_Source information_.
+++++

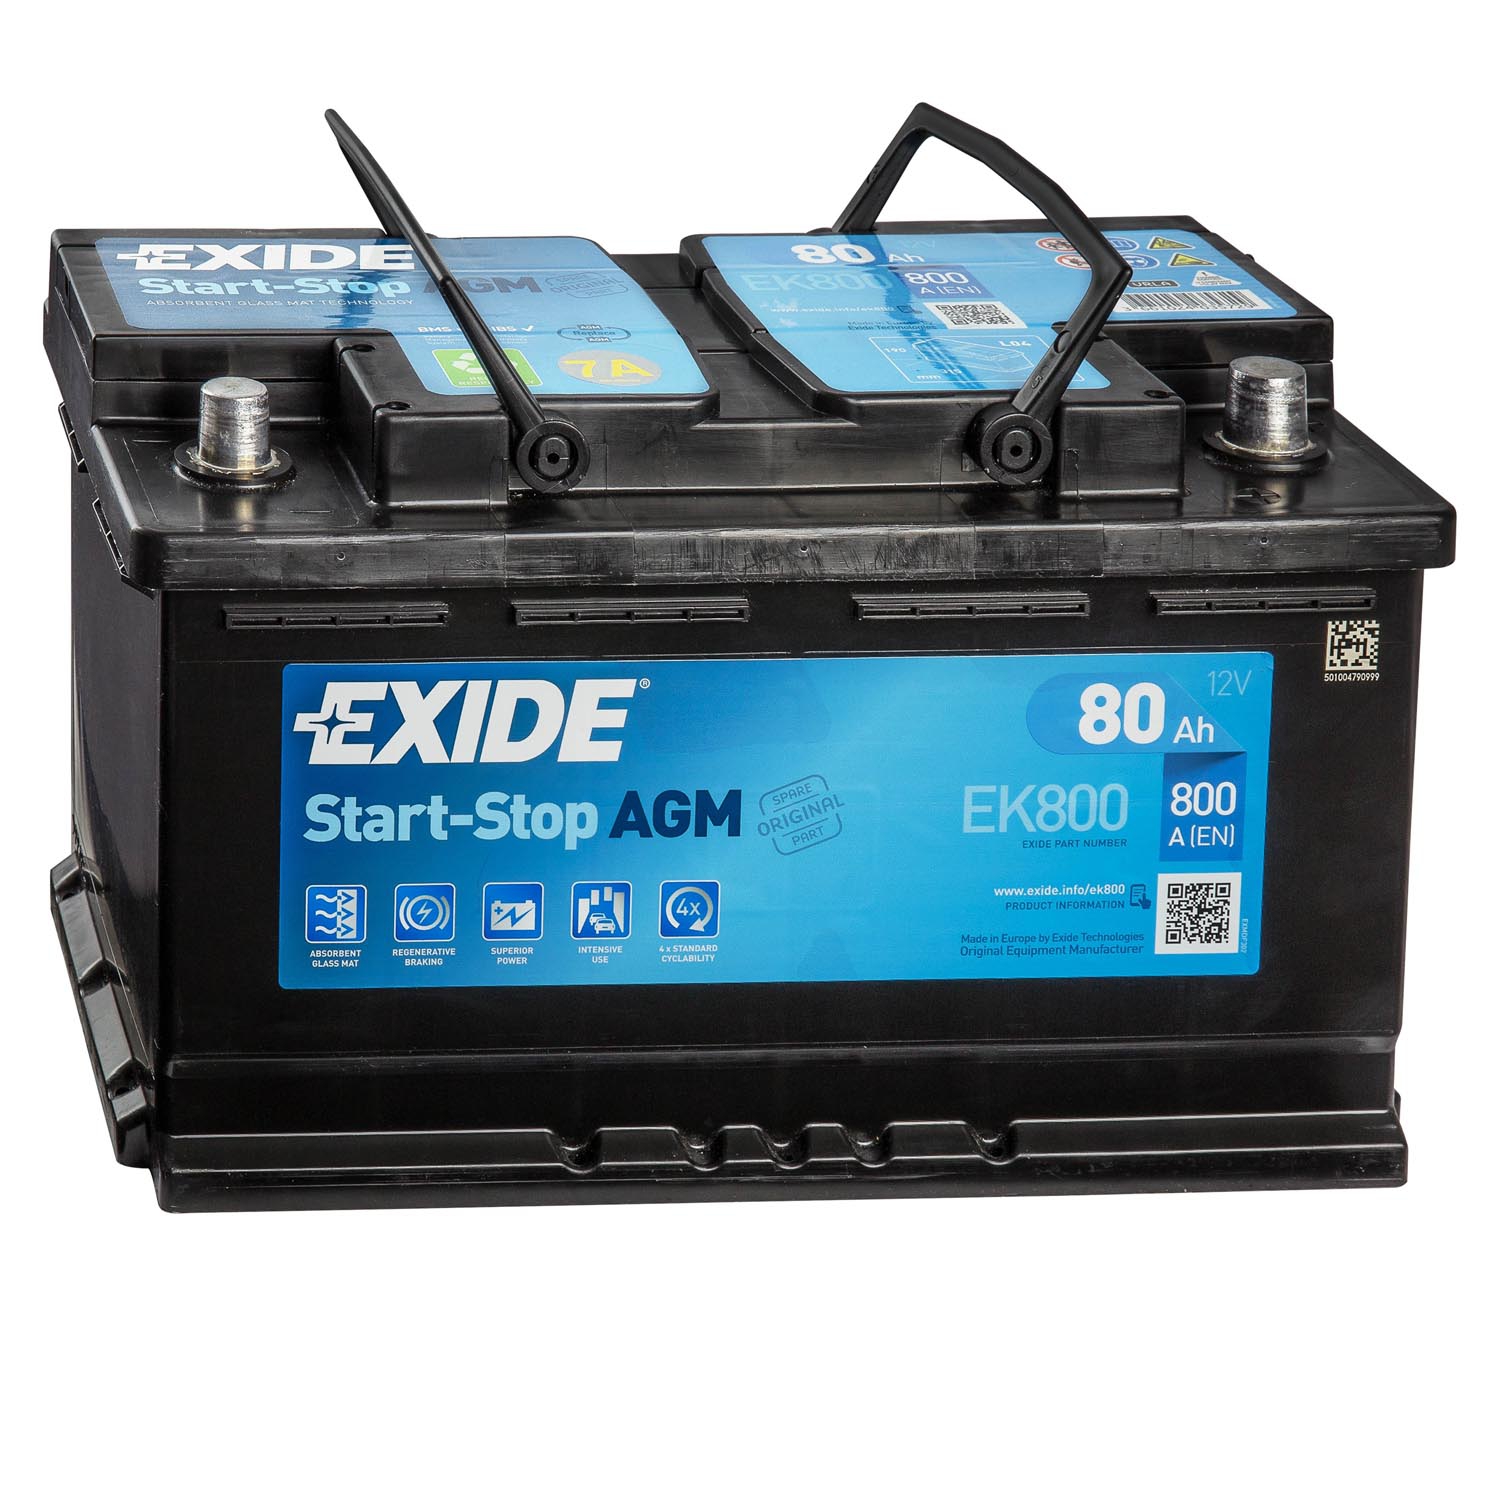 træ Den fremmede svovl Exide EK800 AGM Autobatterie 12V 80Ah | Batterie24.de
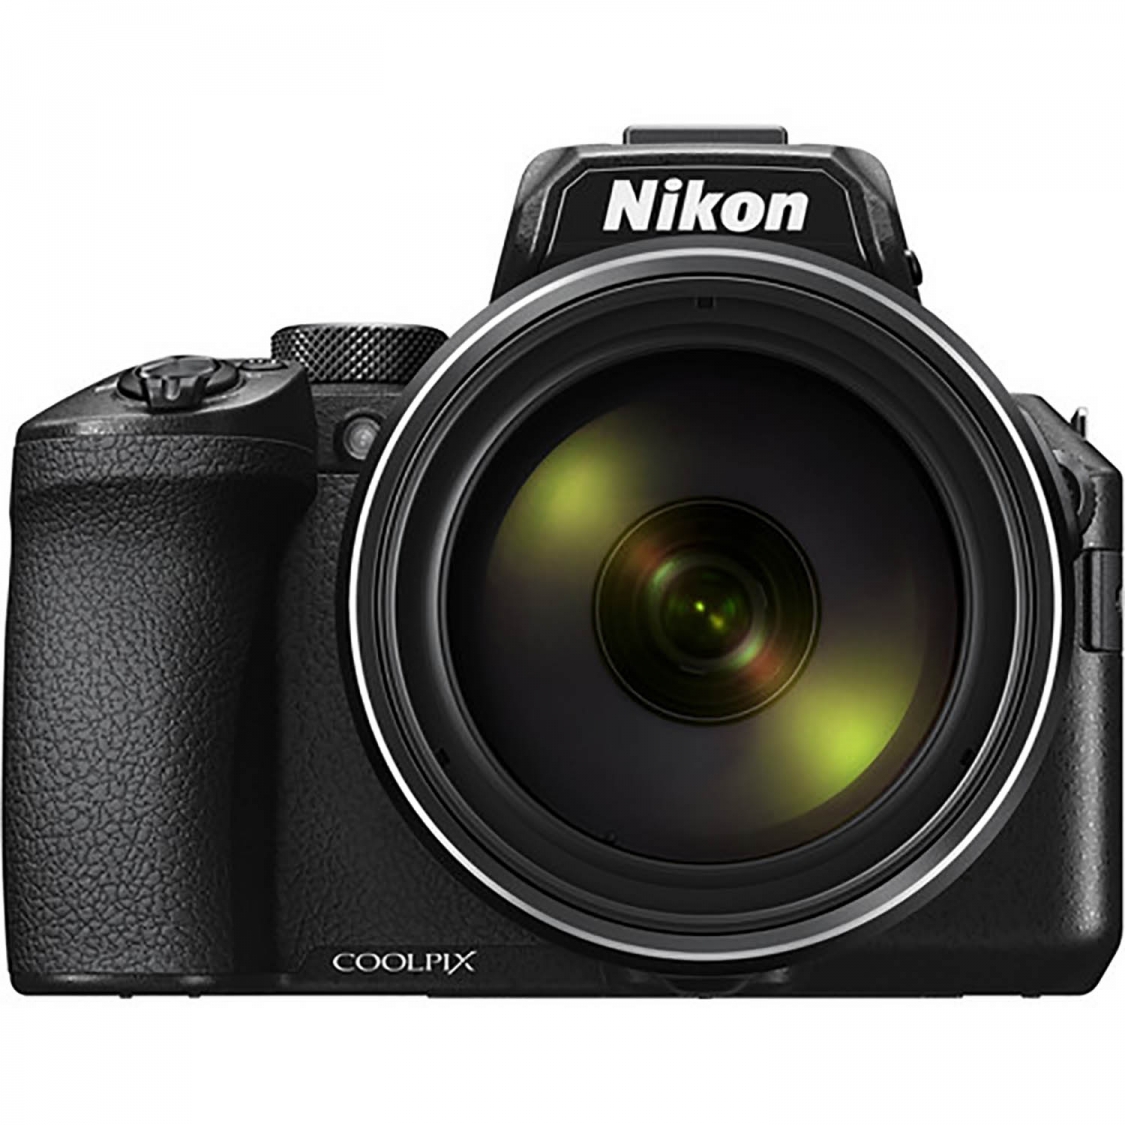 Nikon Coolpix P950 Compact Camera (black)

+++++

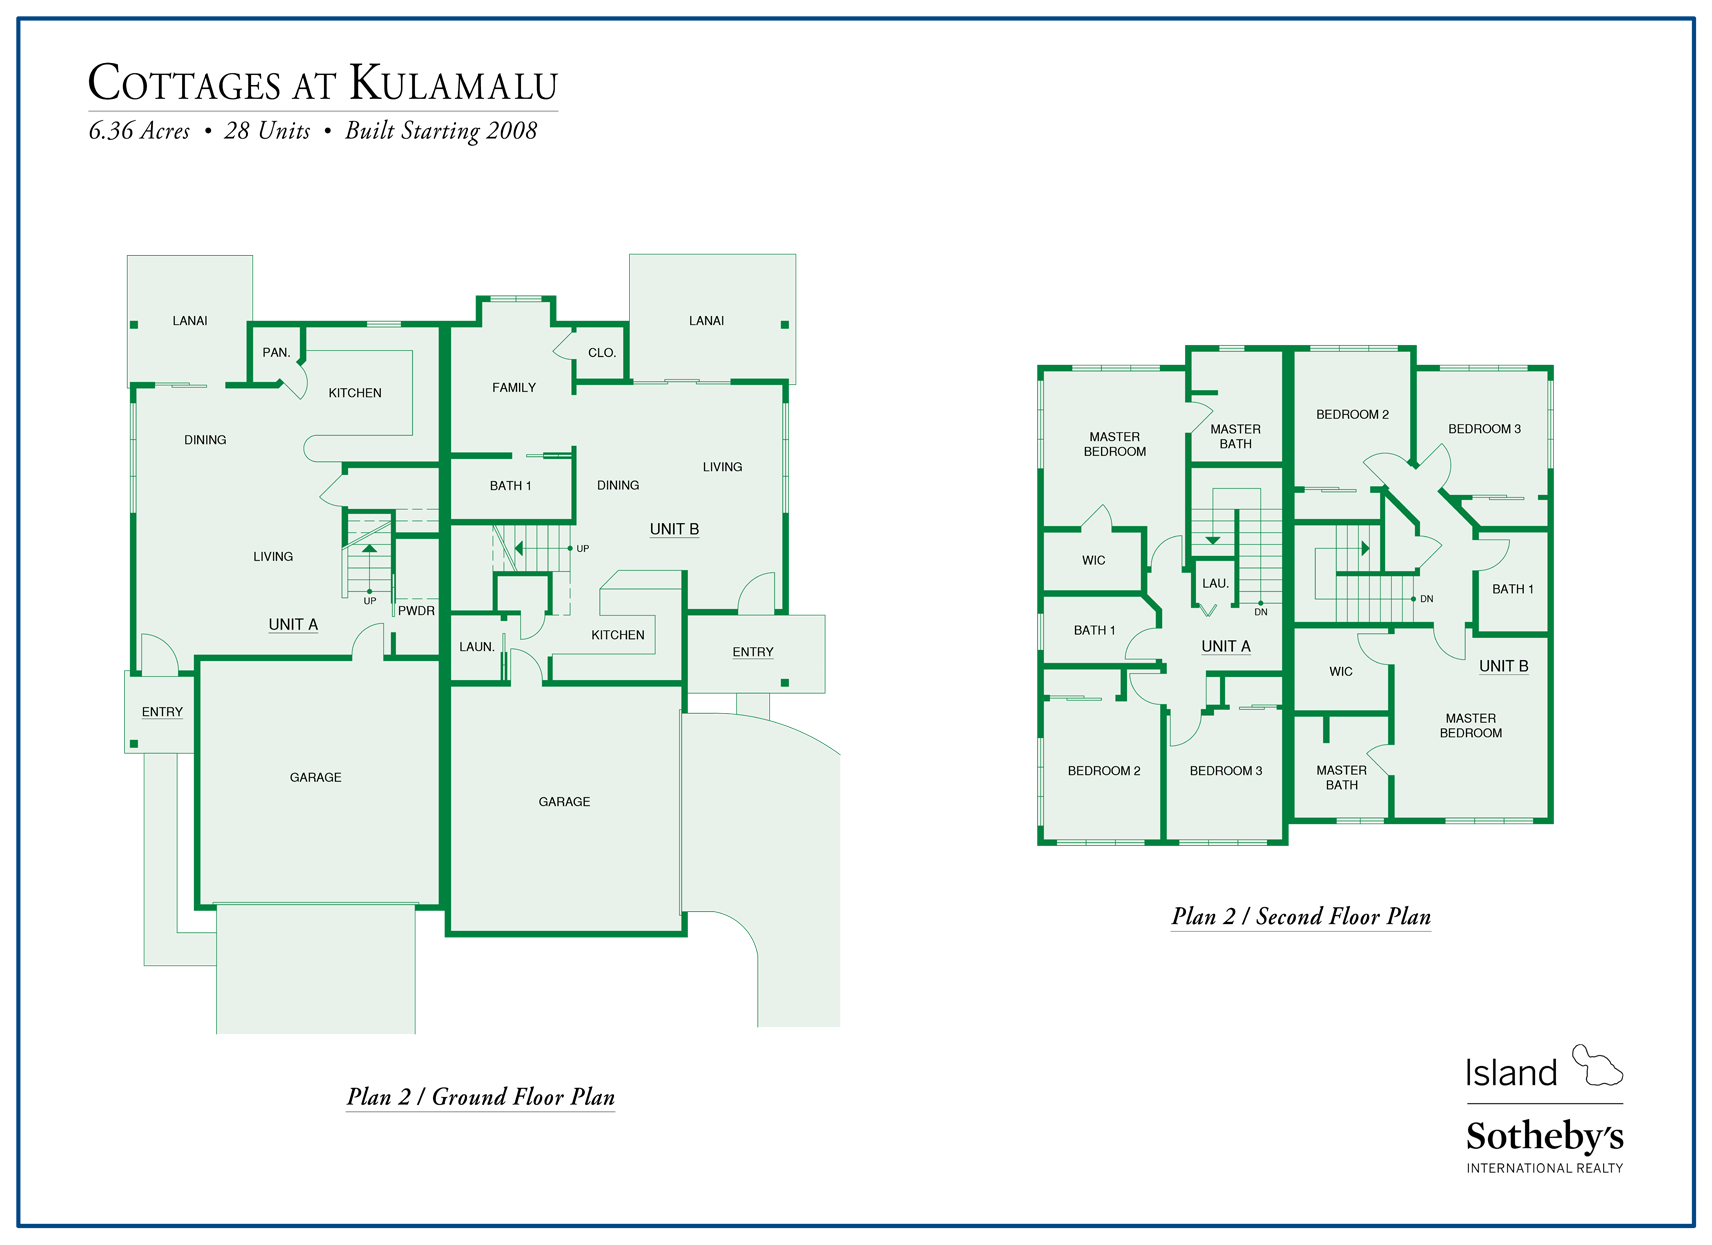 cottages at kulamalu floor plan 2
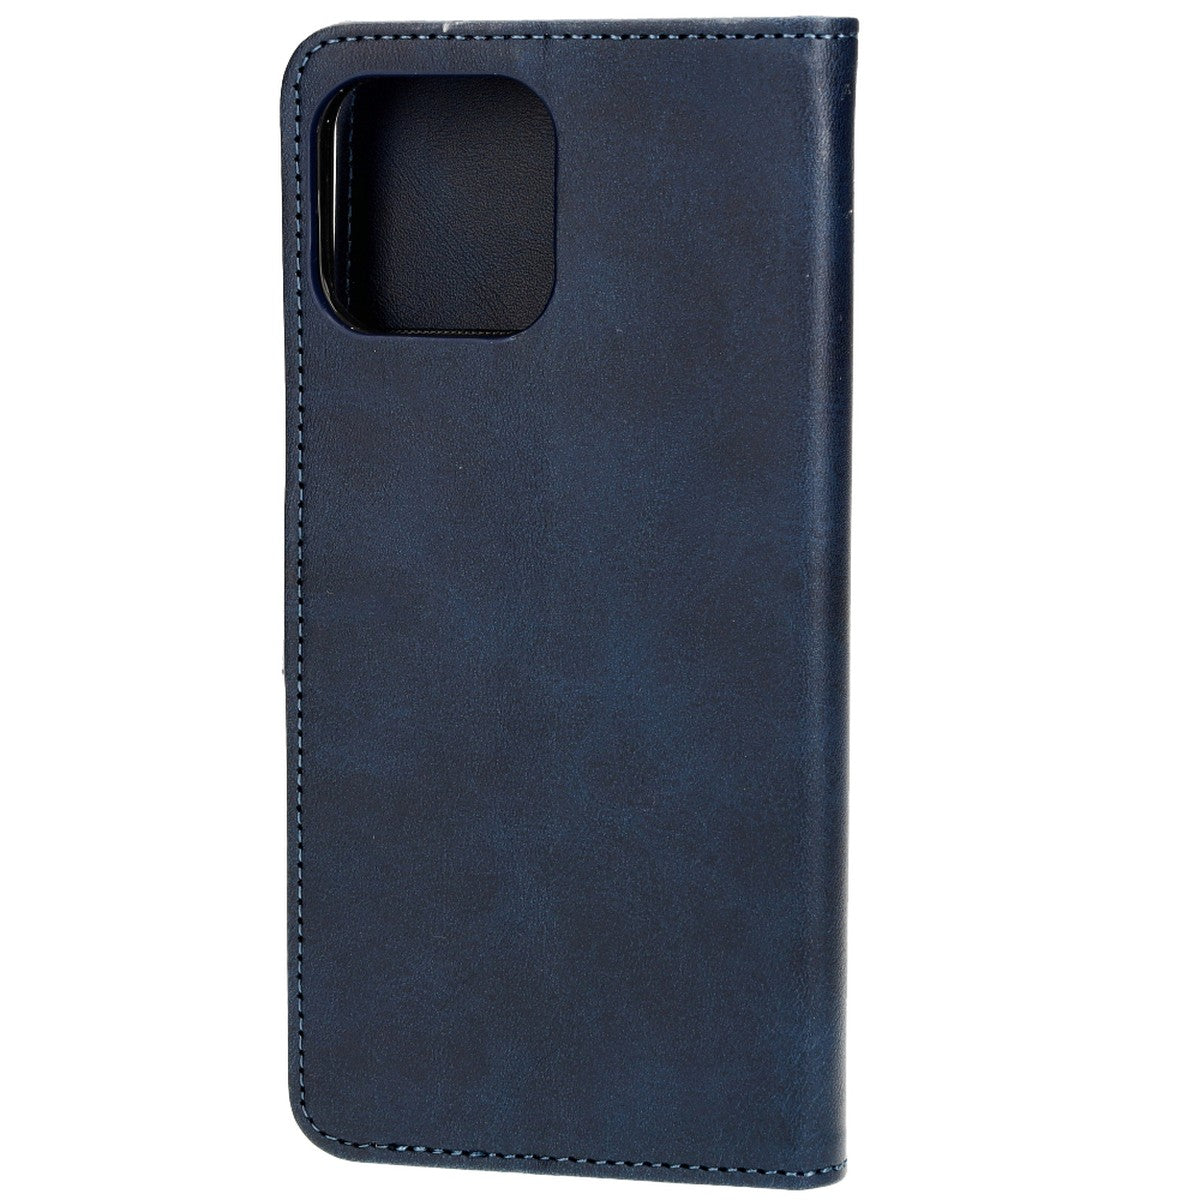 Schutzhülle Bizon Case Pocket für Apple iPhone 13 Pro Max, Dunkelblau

+++++

_What is expected_.
Skipping the pictures, print the lines in the listing above exactly as written, starting at the line with "cottages at kulamalu floor plan 2" and ending at the line with "Schutzhülle Bizon Case", both included.

_Solution for this exercise_.
 cottages at kulamalu floor plan 2
 Schutzhülle Bizon Case Pocket für Apple iPhone 13 Pro Max, Dunkelblau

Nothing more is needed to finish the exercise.